Scholars have argued that the two subjects of Chettle’s apology must be Marlowe and Shakespeare because neither George Peele nor Thomas Nashe would have reason to take offence at Groatsworth. Erne demonstrates this is not so: George Peele was a director of courtly pageants and an established poet with a reputation to defend, and it is unlikely he would have appreciated being called upon to ‘despise drunkenness’, ‘fly lust’, and ‘abhor those Epicures, whose loose life hath made religion loathsome to your ears’.

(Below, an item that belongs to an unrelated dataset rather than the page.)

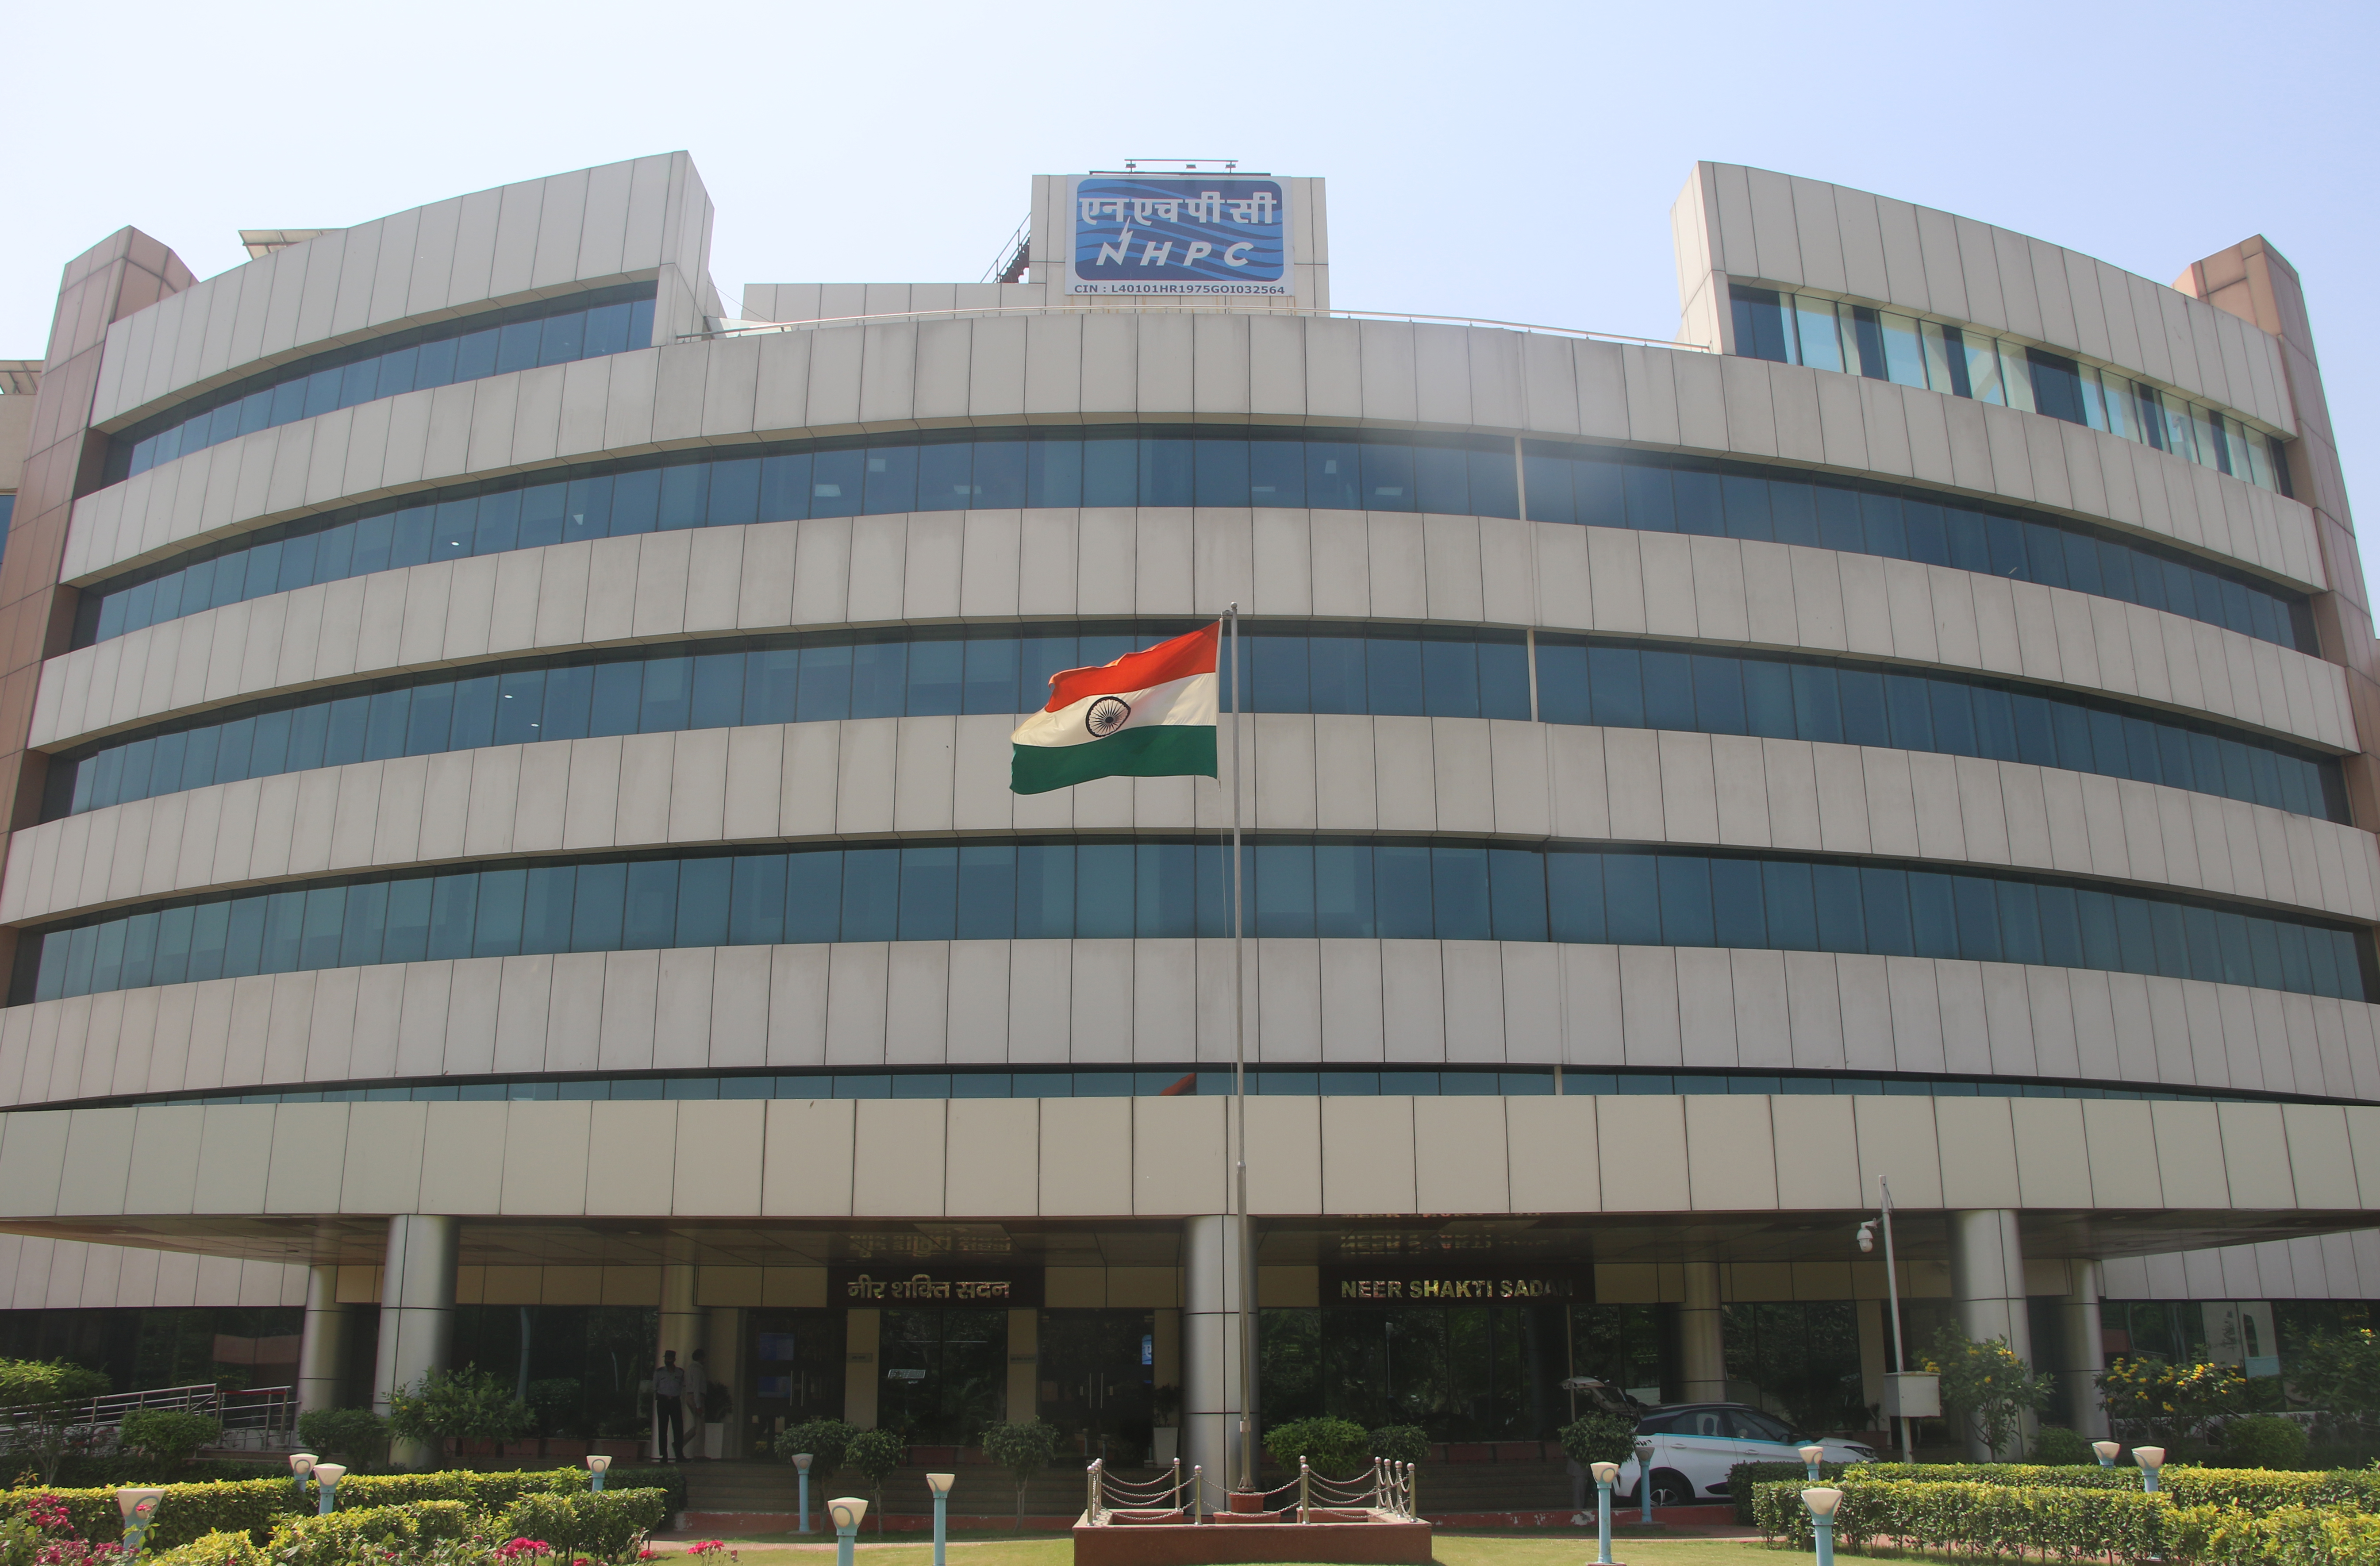 NHPC Office Complex at Faridabad (Haryana)

The second defence of Kind Heart’s Dream as an apology to Shakespeare relies upon the false premise that the word ‘quality’ in the phrase ‘the quality he professes’ refers specifically to acting. Of the four instances the OED cites in the period 1590-1630 for ‘quality’ meaning ‘profession, occupation or business’, only one of them refers to acting, and when Shakespeare uses ‘quality’ to refer to a profession in The Two Gentlemen of Verona, the ‘profession’ in question is outlawry.
WHY DOES THIS READING PERSIST?
The commonly held belief that Chettle’s apology is to William Shakespeare is based on an implausible and illogical reading of the text, yet it continues to persist, despite the best efforts of Erne and others before him, for a reason Erne well understands: Shakespearean biography is so bereft of evidence of Shakespeare’s existence on the London literary scene that it cannot afford to abandon any apparent allusion to Shakespeare, even one that doesn’t bear scrutiny.
‘If we authenticate it,’ says Erne, ‘we have found a crucial milestone on Shakespeare’s artistic and social trajectory. If we don’t, a biographer writing his chapter on Shakespeare’s first years as an actor and dramatist is deprived of one of his most important narrative supports’.
Though prominent Shakespearean Brian Vickers has accepted that Chettle’s apology was not to Shakespeare, most Shakespearean biographers and scholars, desperately in need of meaningful content, have continued to pretend that it was.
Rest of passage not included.